XTXinv00 = XTXinv[1,1] 
XTXinv11 = XTXinv[2,2]
XTXinv22 = XTXinv[3,3]
sd0 = sqrt(XTXinv00)
sd1 = sqrt(XTXinv11)
sd2 = sqrt(XTXinv22)

N = 10000

T0 = rep(0,N)
T1 = rep(0,N)
T2 = rep(0,N)
beta0 = -6
beta1 = -1
beta2 = 0.5
sigma = 2

for(k in 1:N)
{
  eps = rnorm(n,mean=0,sd=sigma)
  y = beta0*x0 + beta1*x + beta2*x^2 + eps
  
  res = lm( y ~ X )

  hatbeta = res$coef
  hats = sqrt( 1/(n-3) * sum(res$res^2) )     # res$res: das erste res ist unsere Variable res, das zweite res ist 
                                              # Abkuerzung fuer residuals, tut die lm()-Funktion immer mitberechnen
  T0[k] = (hatbeta[1]-beta0)/(hats*sd0)
  T1[k] = (hatbeta[2]-beta1)/(hats*sd1)
  T2[k] = (hatbeta[3]-beta2)/(hats*sd2)
}



hist(T0,prob=TRUE,breaks=50)
curve(dt(x,df=n-3),col="red",add=TRUE)
curve(dnorm(x,mean=0,sd=1),col="blue",add=TRUE)
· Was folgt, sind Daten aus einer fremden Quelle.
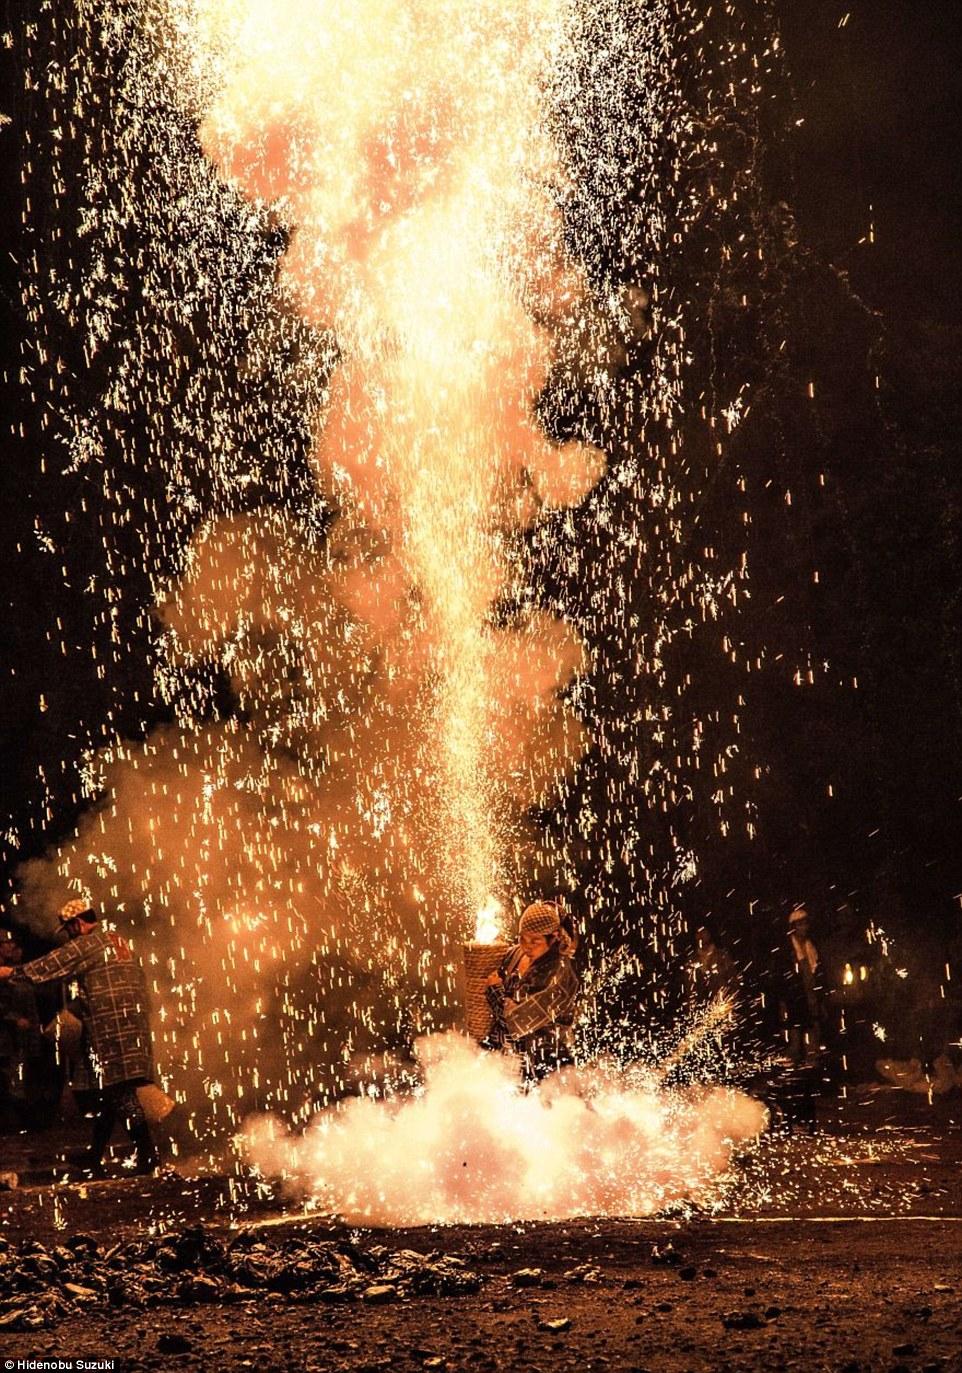 toyohashi gion matsuri fireworks by hide suzuki (7)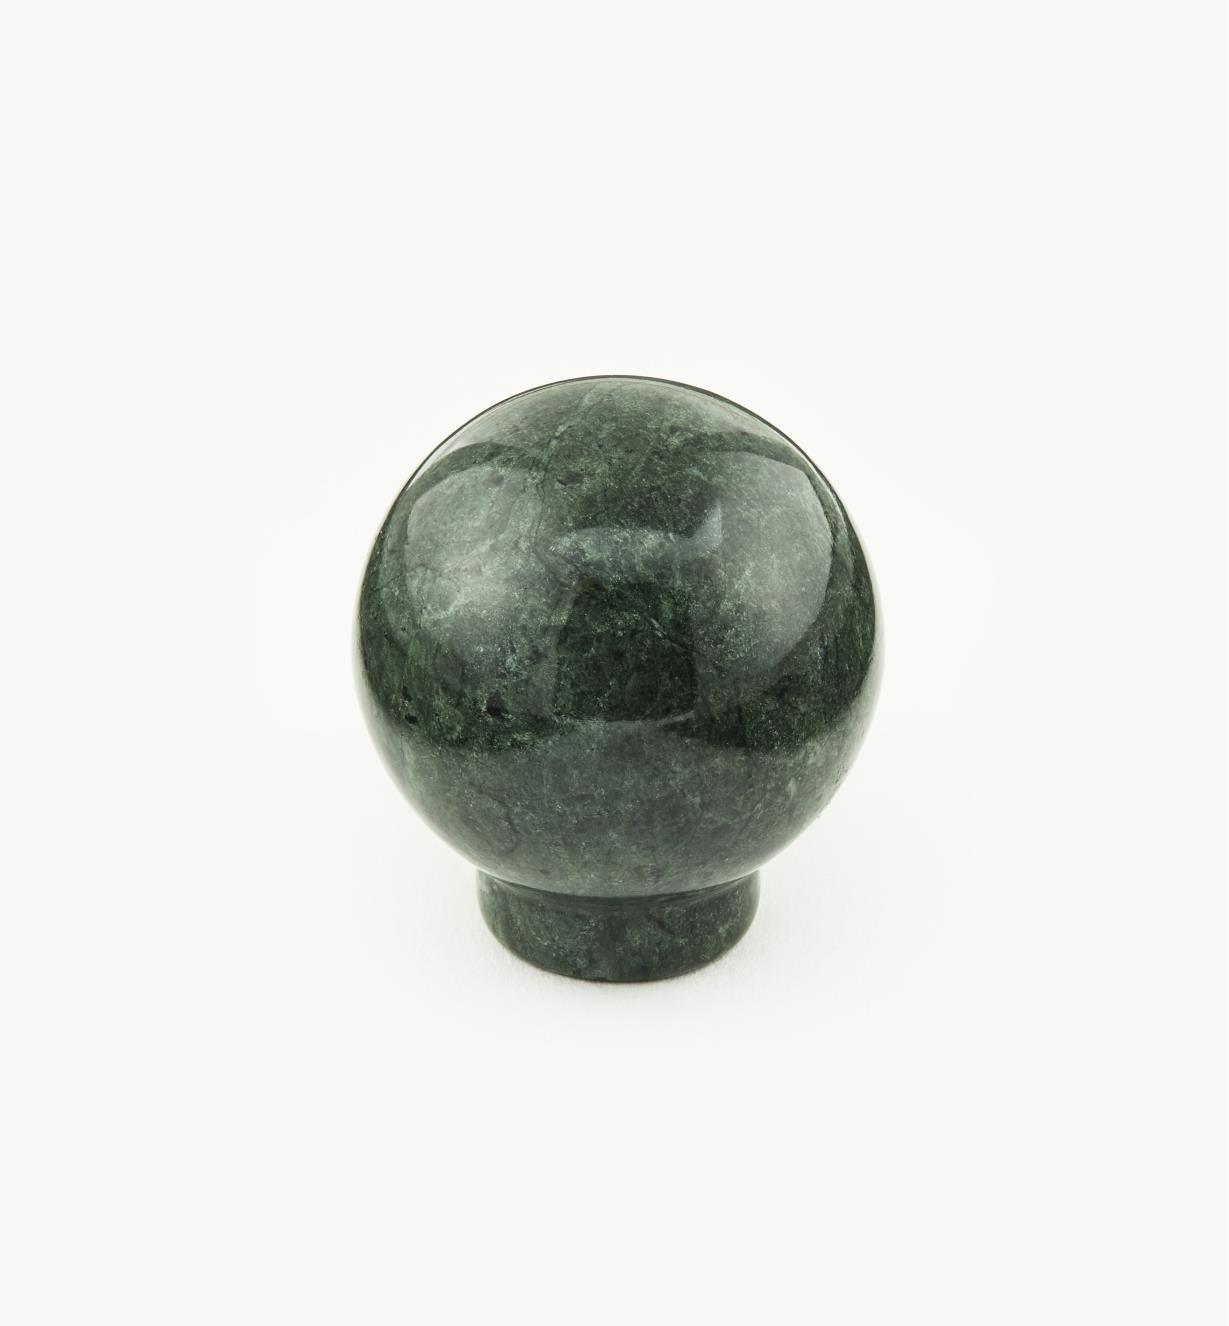 00W4011 - Bouton en marbre, vert, 33,5 mm x 35,5 mm

hist(T1,prob=TRUE,breaks=50)
curve(dt(x,df=n-3),col="red",add=TRUE)
curve(dnorm(x,mean=0,sd=1),col="blue",add=TRUE)

hist(T2,prob=TRUE,breaks=50)
curve(dt(x,df=n-3),col="red",add=TRUE)
curve(dnorm(x,mean=0,sd=1),col="blue",add=TRUE)


# fuer kleine n:
hist(T0,prob=TRUE,xlim=c(-10,10),ylim=c(0,0.4),breaks=100)
curve(dt(x,df=n-3),col="red",add=TRUE)
curve(dnorm(x,mean=0,sd=1),col="blue",add=TRUE)